Previous hosts of Weekend Sunrise include Chris Reason, Andrew O'Keefe, Basil Zempilas, Lisa Wilkinson and Samantha Armytage. Kylie Gillies was the original sports presenter until she moved to The Morning Show and Talitha Cummins presented the news from June 2007 until July 2008. Sharyn Ghidella presented the news from 2008 until 2010. Larry Emdur hosted Weekend Sunrise on Saturdays in 2010. Sarah Cumming previously presented the news on Saturday until she became the weather presenter on Seven News Sydney in 2011. Samantha Armytage hosted the program from June 2007 until August 2013 before becoming co-presenter of Sunrise. Jessica Rowe presented the news from 2010 until 2013. Ryan Phelan presented sport throughout the first half of 2015 before Simon Reeve returned to his post following the axing of Million Dollar Minute. Talitha Cummins presented the news from 2013 until 2016. Cummins was later dismissed from the Seven Network whilst she was on maternity leave; Sally Bowrey later replaced her.

===Regulars===

| Presenter | Role | Tenure |
|---|---|---|
| Steve Hargrave | UK/Entertainment correspondent | 2013–present |
| Paul Marshall | Correspondent | 2014–present |
| Richard Arnold | UK entertainment | 2009–present |
| Jake Lyle | Sydney reporter | 2024–present |
| Kristy Mayr | Melbourne reporter | 2025–present |
| Mark Riley | Chief political correspondent | 2005–present |
| Jabba | Movie reviews | 2013–present |
| Sarah Di Lorenzo | Nutritionist | 2018–present |
| Jane Caro | Masters of Spin | 2011–present |
| Nick Cater | Masters of Spin | 2014–present |
| Meg Coffey | Masters of Spin | 2022–present |
| Adam Ferrier | Masters of Spin | 2014–present |
| Geof Parry | Foreign affairs | 2026–present |

==Broadcasting==
Because Australia has more than one time zone, Weekend Sunrise is not broadcast live to all of Australia, it is instead broadcast delayed. New South Wales (including ACT), Victoria, Tasmania have Weekend Sunrise broadcast live all year round, Queensland has Sunrise broadcast live in wintertime, but during Daylight Saving Time in Sydney has the program delayed by one hour. The Northern Territory has Weekend Sunrise delayed 30 minutes during winter and 1 hour and 30 minutes during daylight saving in Sydney. South Australia has it delayed by 30 minutes all year around, and Western Australia has it delayed by 2 hours in wintertime and by 3 hours during daylight saving in Sydney.
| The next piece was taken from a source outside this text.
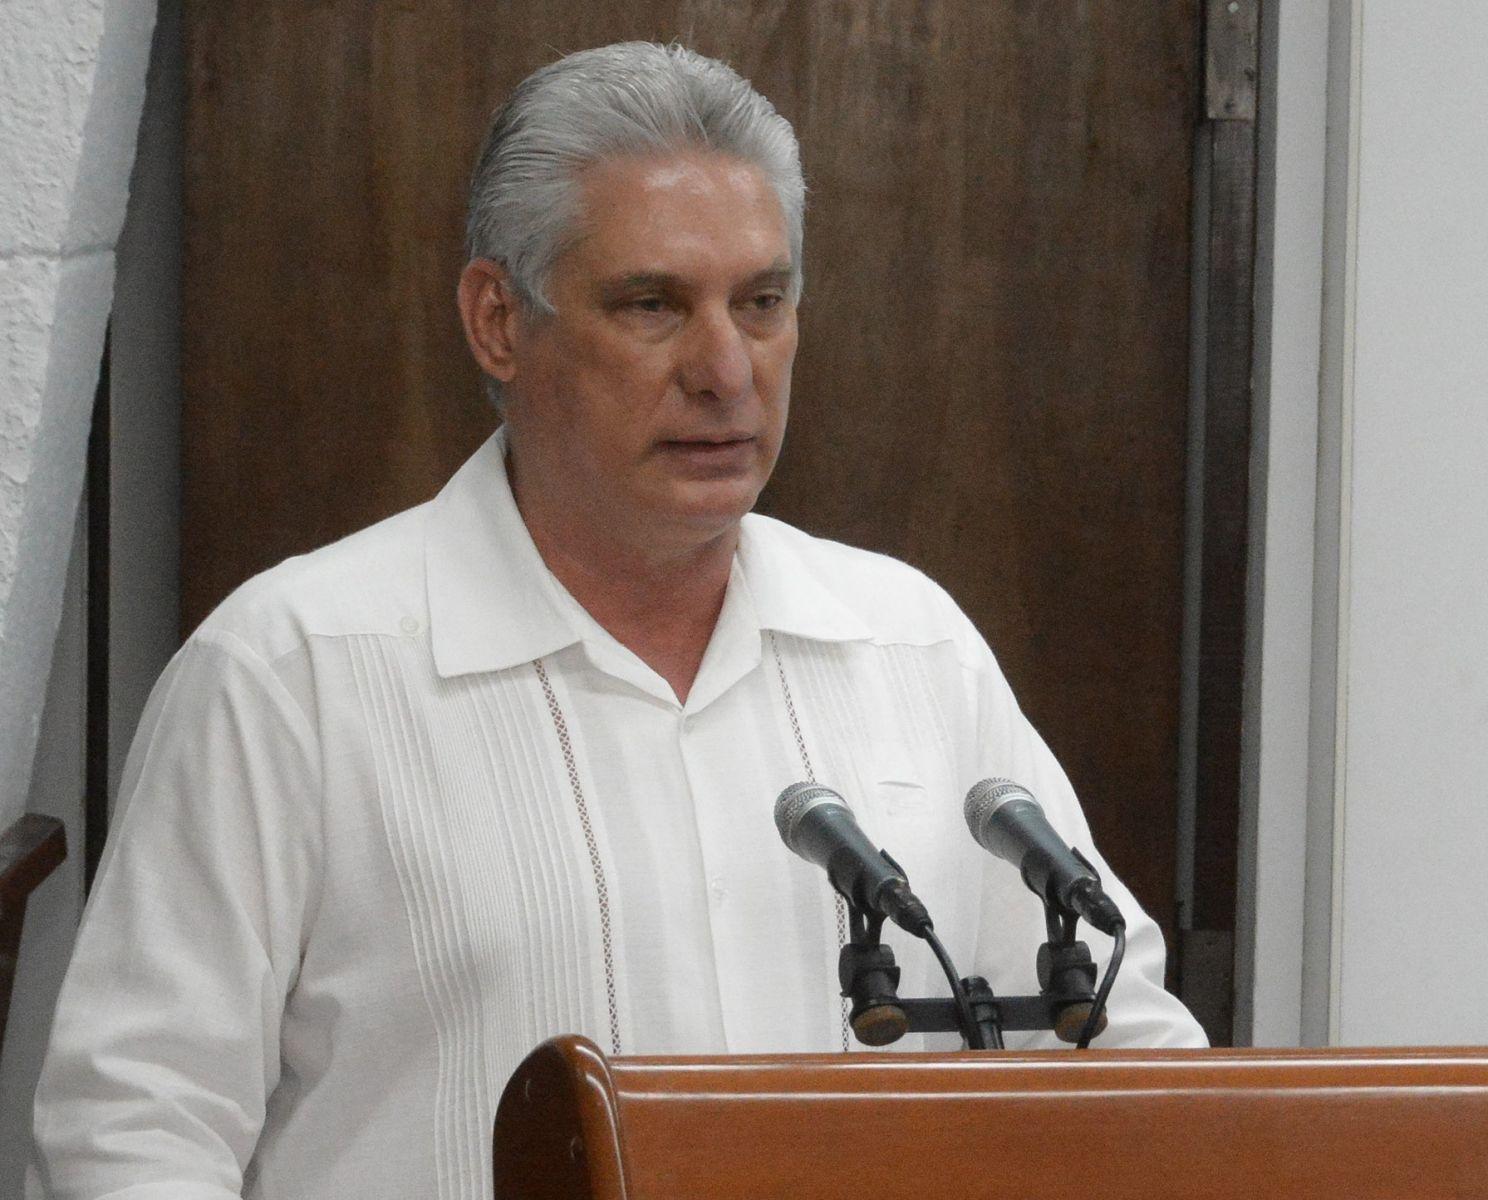 Anuncia Gobierno cubano medidas para fortalecer nuestra economía (+Audio y Video)

Occasionally, broadcasts of Weekend Sunrise are altered during special circumstances. On the morning of 17 July 2010, Weekend Sunrise was extended well past 9am continuing into 1pm when Julia Gillard announced that Australia would be heading to the polls on 21 August. When Weekend Sunrise was covering the Victorian bushfires in February 2009, the show extended its coverage until 11am, with the extra hour dedicated to the events occurring in Victoria.

Neither Sunrise nor Weekend Sunrise air on Christmas Day. Since 2025 (and previously between 2007 and 2014), Weekend Sunrise does not air on the day of the Bathurst 1000.

==Logos==

25 January 2010 – 31 January 2016
6 February 2016 – 8 August 2021
29 July 2023 – present

==Theme song==
Weekend Sunrise used Duran Duran's "(Reach Up for The) Sunrise" as its theme song until 2010 when MGMT's "Electric Feel" replaced it. In November 2011, "(Reach Up for The) Sunrise" was reinstated as the theme song.